#### DATA EXTRACT
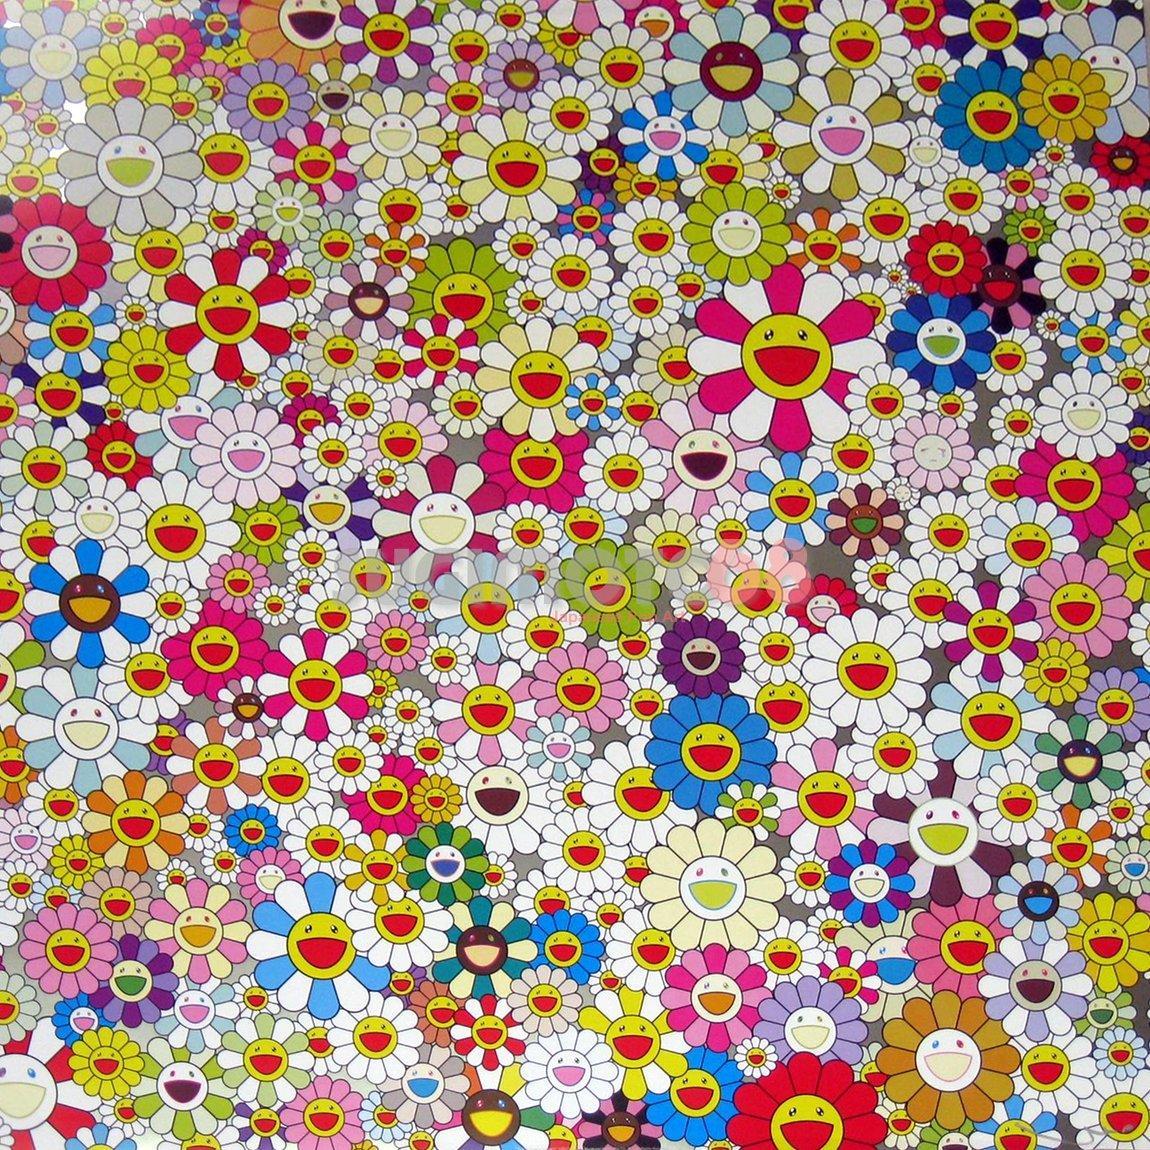 2010, Field of Smiling Flowers, weeping/sleeping, 2010 FlowSmile
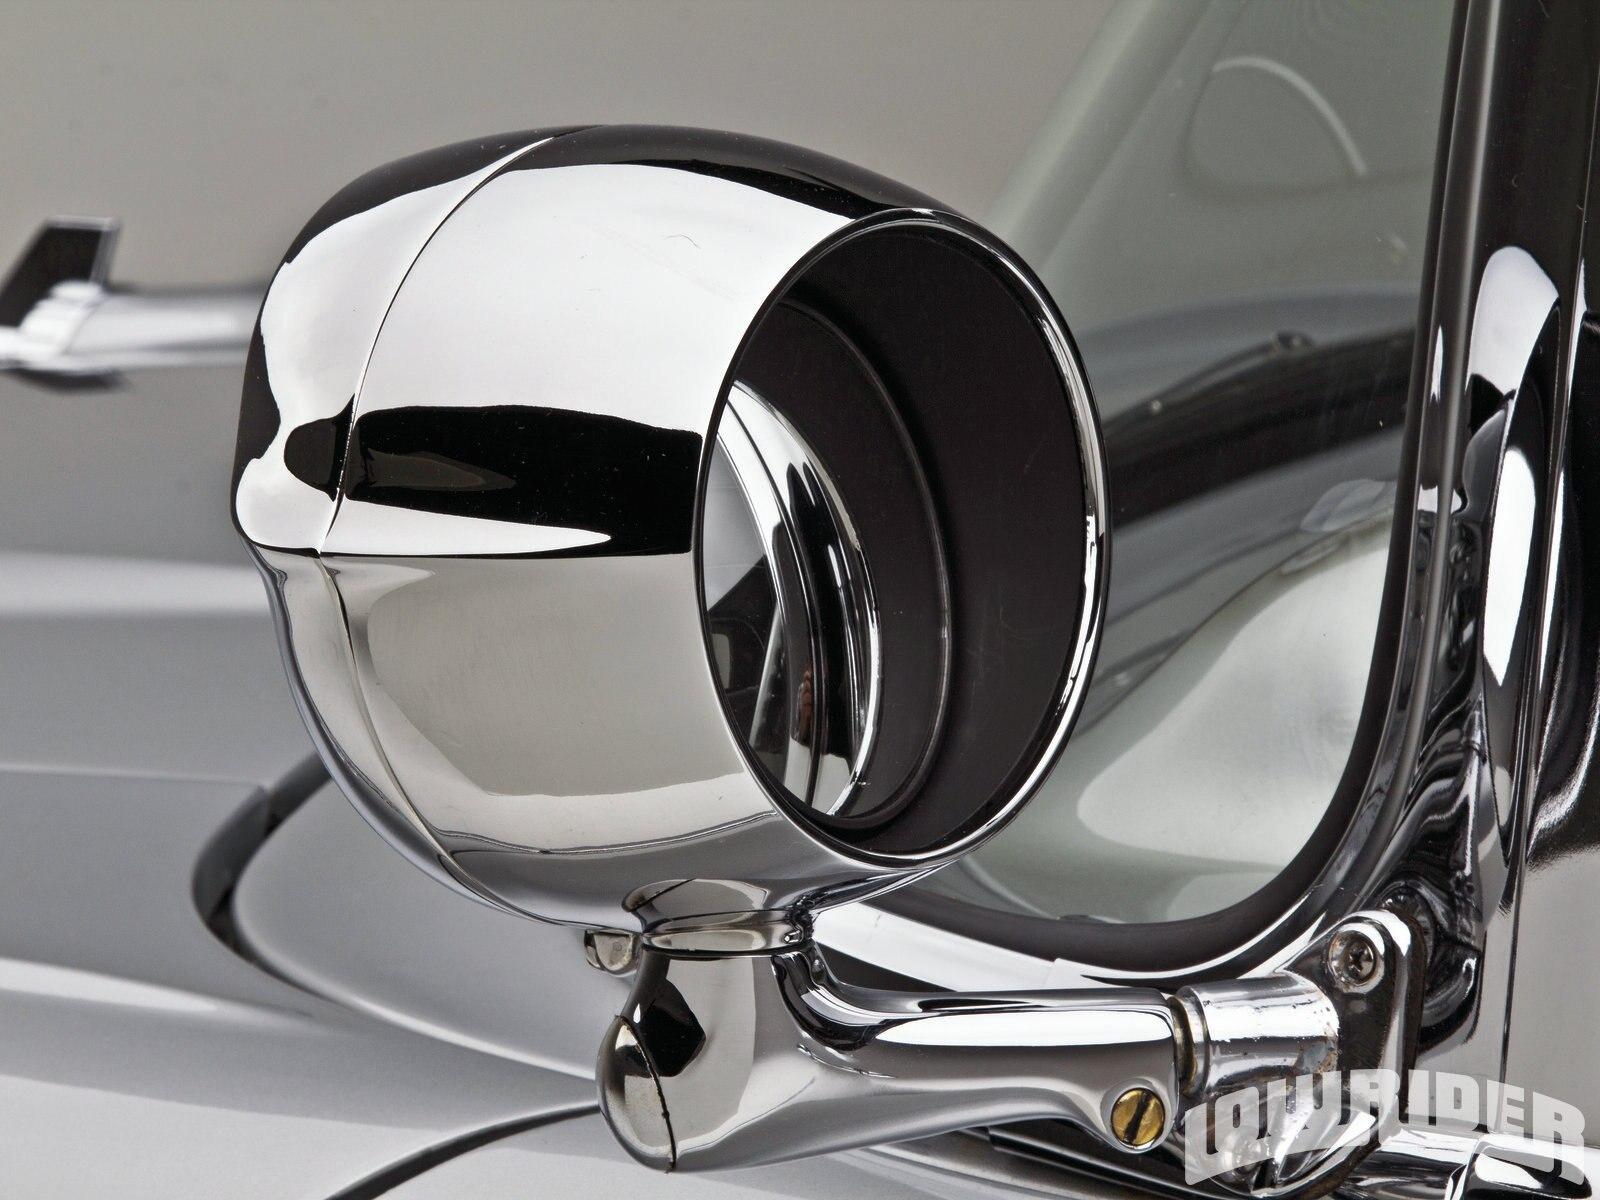 1957 air bel chevrolet lowrider side mirror magazine
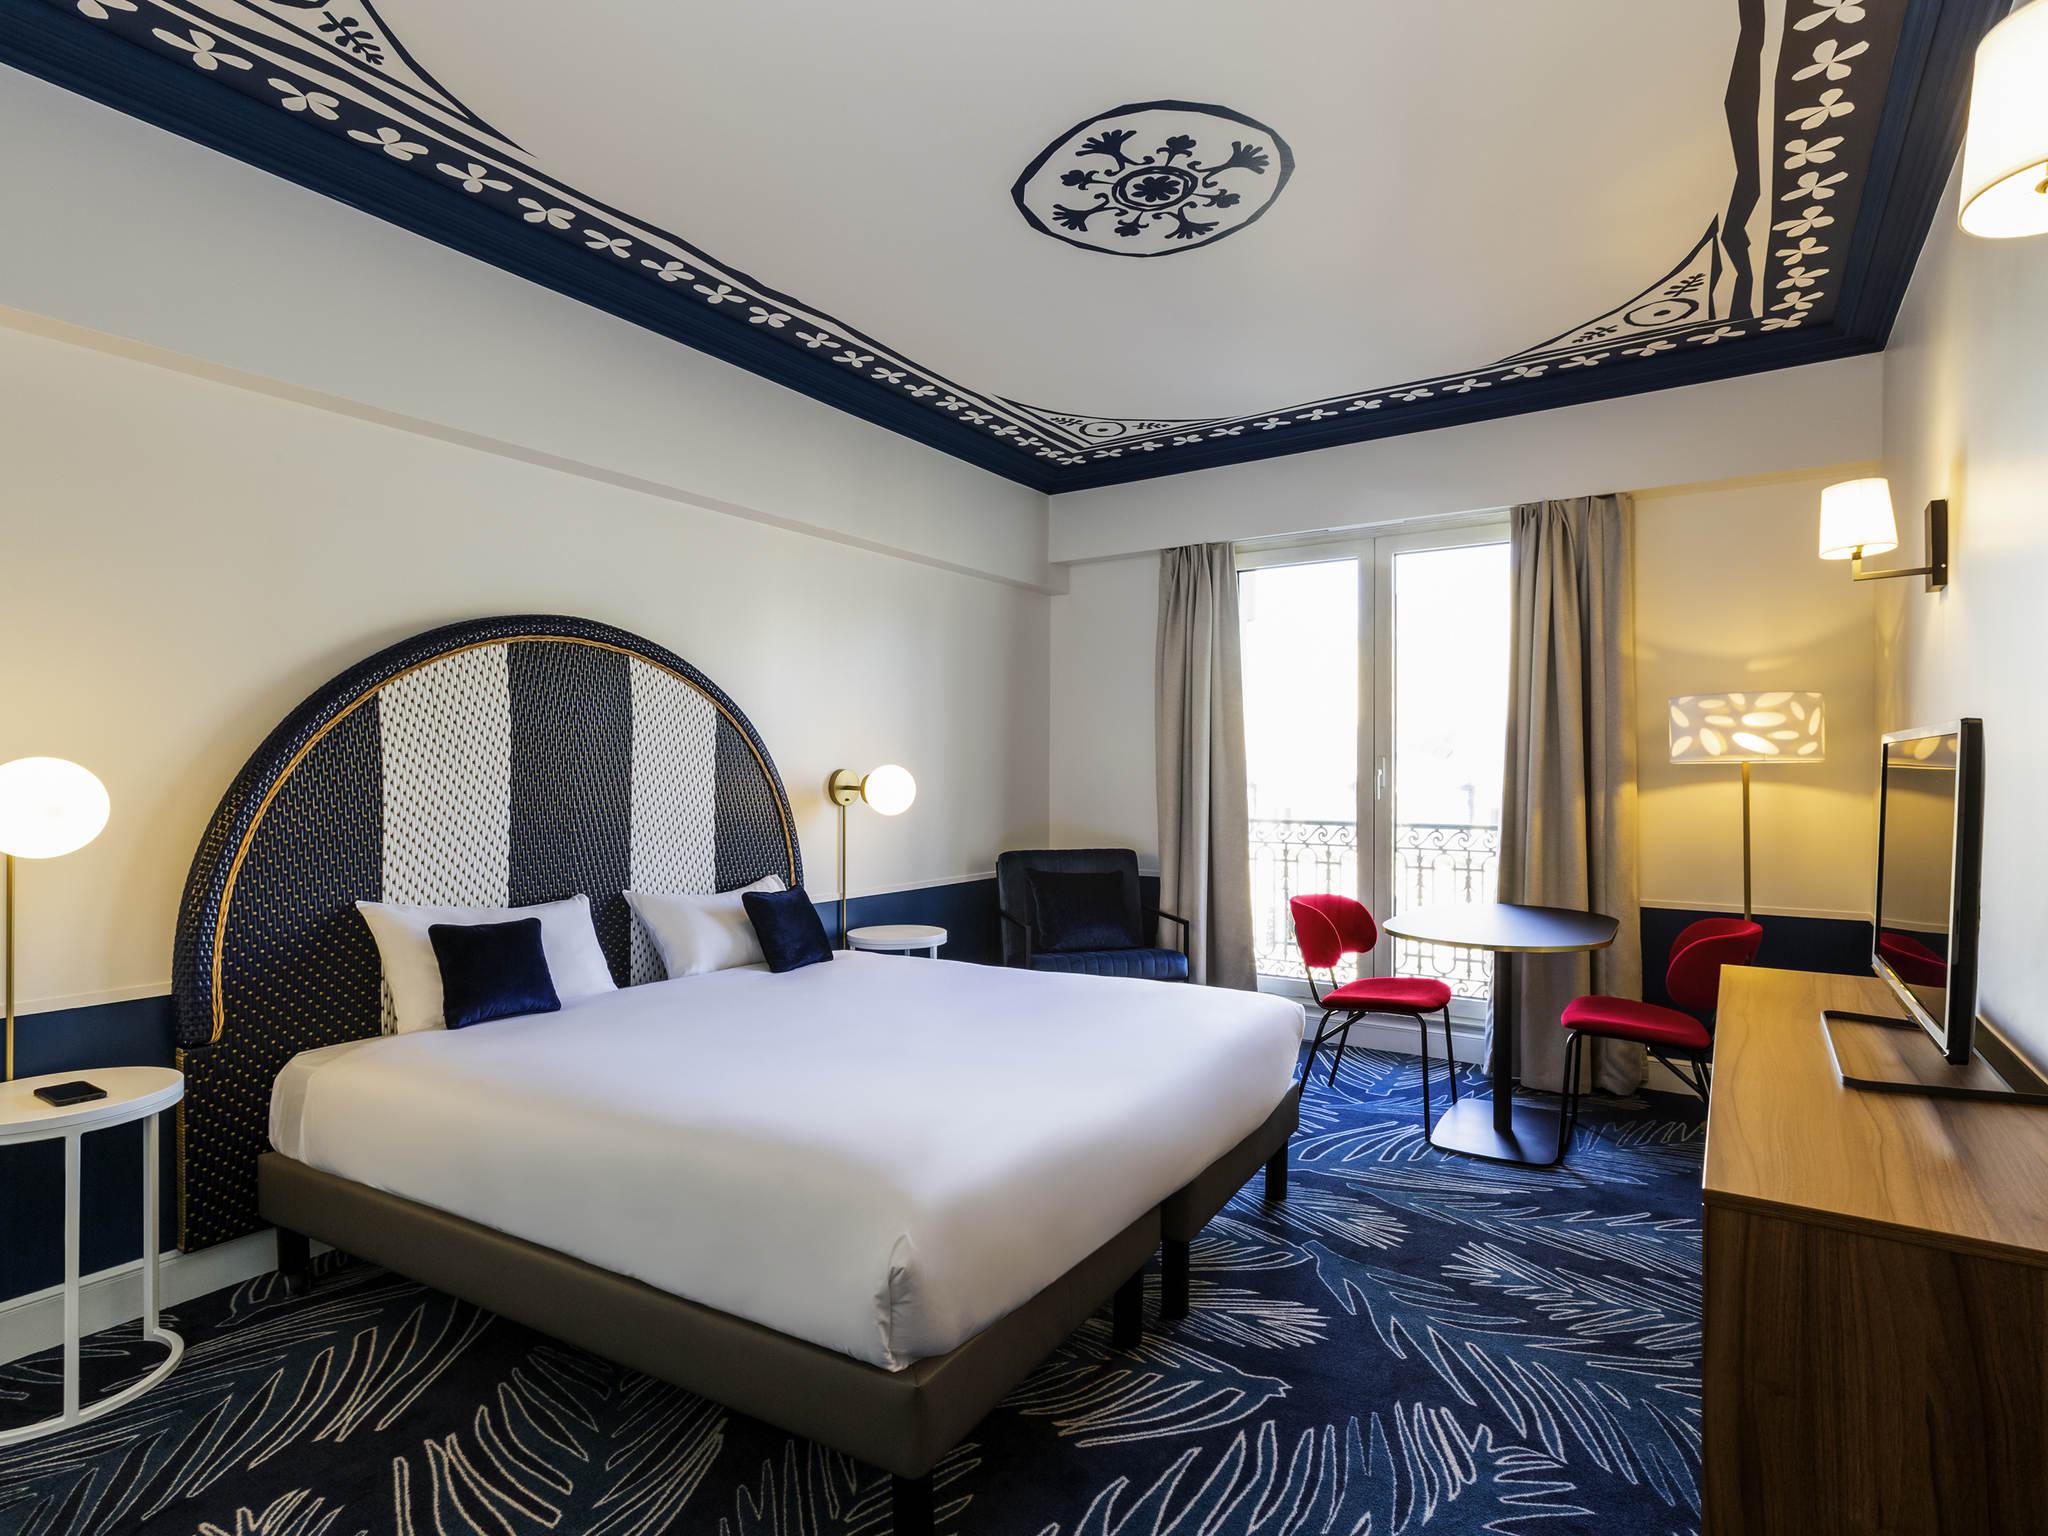 Hotel – Aparthotel Adagio Parijs Haussmann
########
» **WORK TO BE COMPLETED**
Give every line of the listing above again, exactly, with no images.

» **EXERCISE OUTPUT**
 2010, Field of Smiling Flowers, weeping/sleeping, 2010 FlowSmile
 1957 air bel chevrolet lowrider side mirror magazine
 Hotel – Aparthotel Adagio Parijs Haussmann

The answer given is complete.